A population of NIC and/or NICed particles may comprise a blend of particles of one or more of the above types, in a known pre-determined ratio of particles or comprise a random mixture of such particles. In certain embodiments, a population of particles comprises nanoparticles having a large variety of sizes and shapes, constructed of a single metal/metal alloy or semiconductor materials. In other embodiments, a population of particles may comprise nanoparticles of different shapes and different chemical compositions.

In addition, any of the particle populations of the invention may also comprise at least one type of particle outside of the scope of the present application. Such mixed populations of nanoparticles herein described and nanoparticles known in the art may have advantageous effects suitable for any one application disclosed herein.

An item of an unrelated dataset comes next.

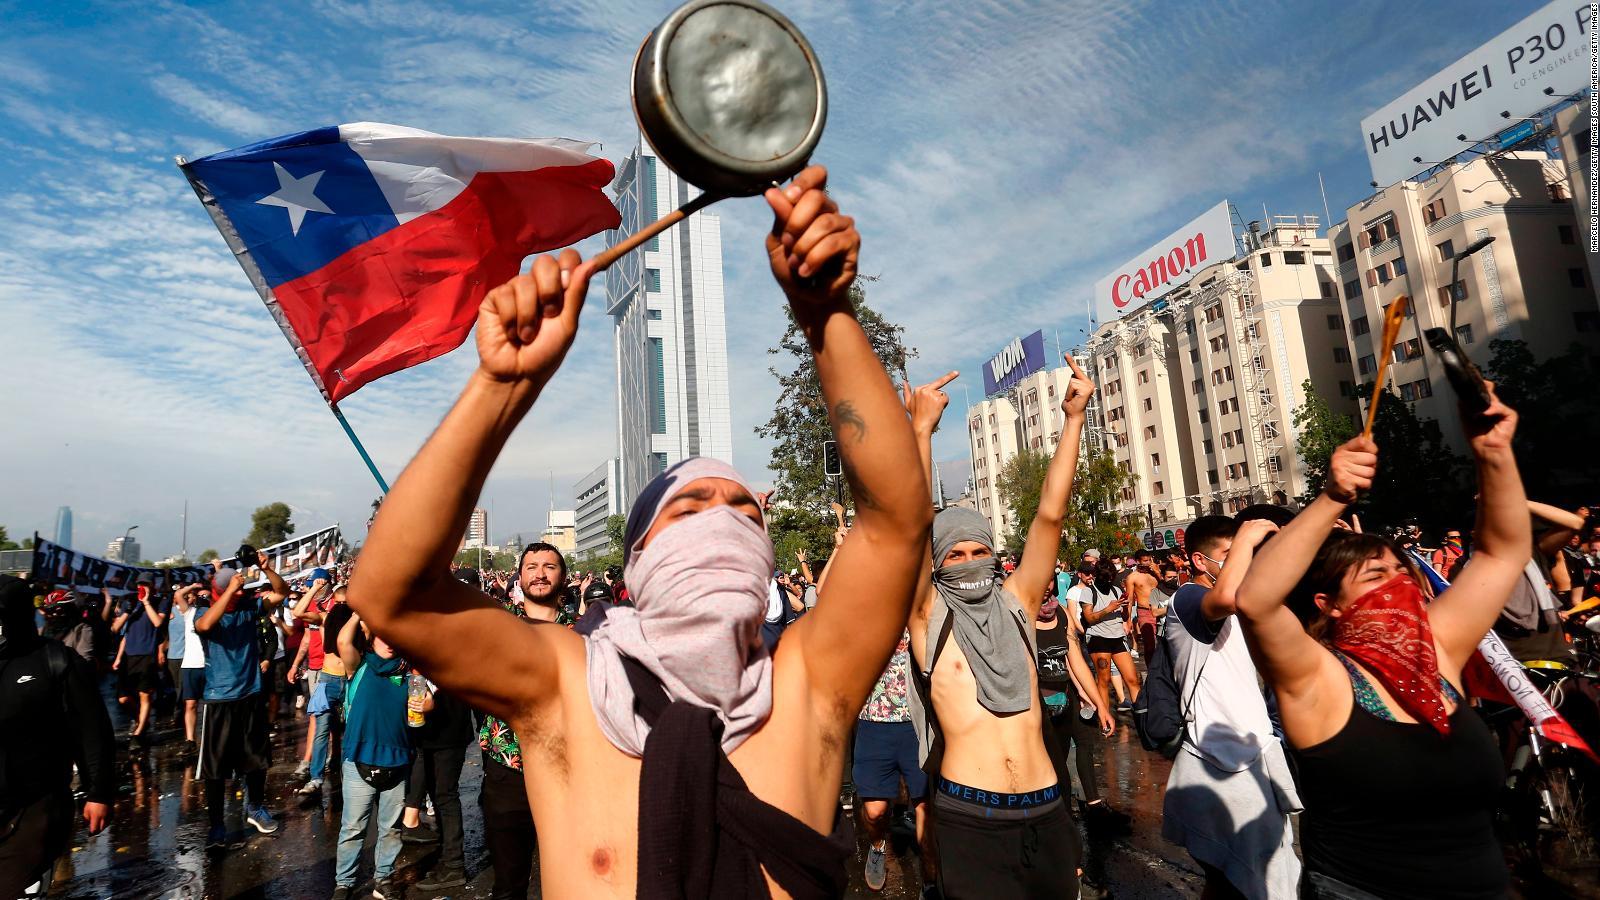 Encuesta revela que mayoría de chilenos apoyan el estallido social de 2019 y esperan que vuelva con más fuerza

The present invention also provides in further aspects thereof various uses of any one of the nanoparticles disclosed herein. The NIC and/or NICed particles or populations containing them may be used in catalysis. The catalytic reaction is an organic or inorganic reaction involving bond formation and/or bond cleavage. In some embodiments, the particles of the invention are employed in the catalyzed conversion of environmentally threatening pollutants to safer or better tolerated agents. Such pollutants may be arising from the petroleum refinery industries, the motor vehicle industries, from motor vehicle emissions and other sources. The pollutants may be air pollutants, water pollutants, ground pollutants, and may for example, be selected from volatile organic compounds and gaseous pollutants such as nitrogen oxides, sulfur oxides and carbon monoxide.

Thus, in some embodiments, the particles of the invention are employed in a hydrodesulphurization process for desulfurization of industrial products such as natural gas and petroleum products.

In other embodiments, the particles are employed in a hydrodenitrogenation (or hydrodenitrification) process for removal of nitrogen from industrial products.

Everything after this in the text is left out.